» **Try it**
Copy every line that holds the string "dans" from the data below.

» **Records**
• • • • • • •

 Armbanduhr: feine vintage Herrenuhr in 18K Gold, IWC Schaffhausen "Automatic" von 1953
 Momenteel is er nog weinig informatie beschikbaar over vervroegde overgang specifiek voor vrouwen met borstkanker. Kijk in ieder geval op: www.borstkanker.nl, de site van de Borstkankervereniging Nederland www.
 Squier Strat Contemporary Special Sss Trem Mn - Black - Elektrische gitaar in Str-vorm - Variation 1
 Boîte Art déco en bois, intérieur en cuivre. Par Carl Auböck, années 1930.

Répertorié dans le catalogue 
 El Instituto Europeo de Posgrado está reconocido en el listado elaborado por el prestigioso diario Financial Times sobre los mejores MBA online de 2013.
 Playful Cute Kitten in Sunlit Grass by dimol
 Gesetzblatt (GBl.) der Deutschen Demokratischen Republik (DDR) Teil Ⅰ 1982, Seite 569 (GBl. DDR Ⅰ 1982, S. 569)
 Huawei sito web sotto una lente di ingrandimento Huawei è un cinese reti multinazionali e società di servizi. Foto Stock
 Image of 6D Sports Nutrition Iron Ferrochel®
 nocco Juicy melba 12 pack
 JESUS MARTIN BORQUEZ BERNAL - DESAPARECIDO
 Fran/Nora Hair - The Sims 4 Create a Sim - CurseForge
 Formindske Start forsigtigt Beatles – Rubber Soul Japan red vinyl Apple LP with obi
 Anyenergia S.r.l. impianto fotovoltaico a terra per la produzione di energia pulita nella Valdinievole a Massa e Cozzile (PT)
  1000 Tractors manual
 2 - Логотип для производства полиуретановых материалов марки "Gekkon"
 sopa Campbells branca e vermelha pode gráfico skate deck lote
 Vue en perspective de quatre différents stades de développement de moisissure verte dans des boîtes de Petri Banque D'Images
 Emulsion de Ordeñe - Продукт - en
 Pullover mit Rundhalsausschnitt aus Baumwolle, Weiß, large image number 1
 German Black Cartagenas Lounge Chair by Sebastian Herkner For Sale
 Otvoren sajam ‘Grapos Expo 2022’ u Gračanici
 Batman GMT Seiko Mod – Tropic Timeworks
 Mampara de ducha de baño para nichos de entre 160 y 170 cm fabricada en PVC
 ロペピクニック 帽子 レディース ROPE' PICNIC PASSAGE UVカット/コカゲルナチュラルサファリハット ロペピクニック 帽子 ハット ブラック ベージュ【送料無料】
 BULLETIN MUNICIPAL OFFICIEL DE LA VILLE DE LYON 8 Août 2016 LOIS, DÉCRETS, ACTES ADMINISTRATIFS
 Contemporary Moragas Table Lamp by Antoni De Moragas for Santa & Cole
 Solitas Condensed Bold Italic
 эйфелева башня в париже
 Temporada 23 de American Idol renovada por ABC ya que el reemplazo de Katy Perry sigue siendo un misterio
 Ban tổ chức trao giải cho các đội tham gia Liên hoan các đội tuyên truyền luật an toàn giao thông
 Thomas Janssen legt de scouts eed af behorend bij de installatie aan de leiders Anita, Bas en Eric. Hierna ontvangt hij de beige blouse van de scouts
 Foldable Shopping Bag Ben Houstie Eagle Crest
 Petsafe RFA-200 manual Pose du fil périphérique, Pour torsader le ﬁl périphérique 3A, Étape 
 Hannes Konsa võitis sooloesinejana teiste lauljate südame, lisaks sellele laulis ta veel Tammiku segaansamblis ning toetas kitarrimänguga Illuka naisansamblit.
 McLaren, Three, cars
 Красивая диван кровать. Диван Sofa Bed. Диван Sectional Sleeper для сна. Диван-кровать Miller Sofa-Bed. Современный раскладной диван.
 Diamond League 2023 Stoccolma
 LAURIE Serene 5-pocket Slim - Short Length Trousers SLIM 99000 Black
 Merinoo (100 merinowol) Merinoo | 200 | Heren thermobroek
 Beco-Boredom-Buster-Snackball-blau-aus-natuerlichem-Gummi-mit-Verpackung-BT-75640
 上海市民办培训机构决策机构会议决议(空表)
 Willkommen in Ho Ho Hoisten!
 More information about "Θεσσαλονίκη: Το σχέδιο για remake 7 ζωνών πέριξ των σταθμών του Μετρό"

• • • • • • •

» **Completed task**
Répertorié dans le catalogue 
 Vue en perspective de quatre différents stades de développement de moisissure verte dans des boîtes de Petri Banque D'Images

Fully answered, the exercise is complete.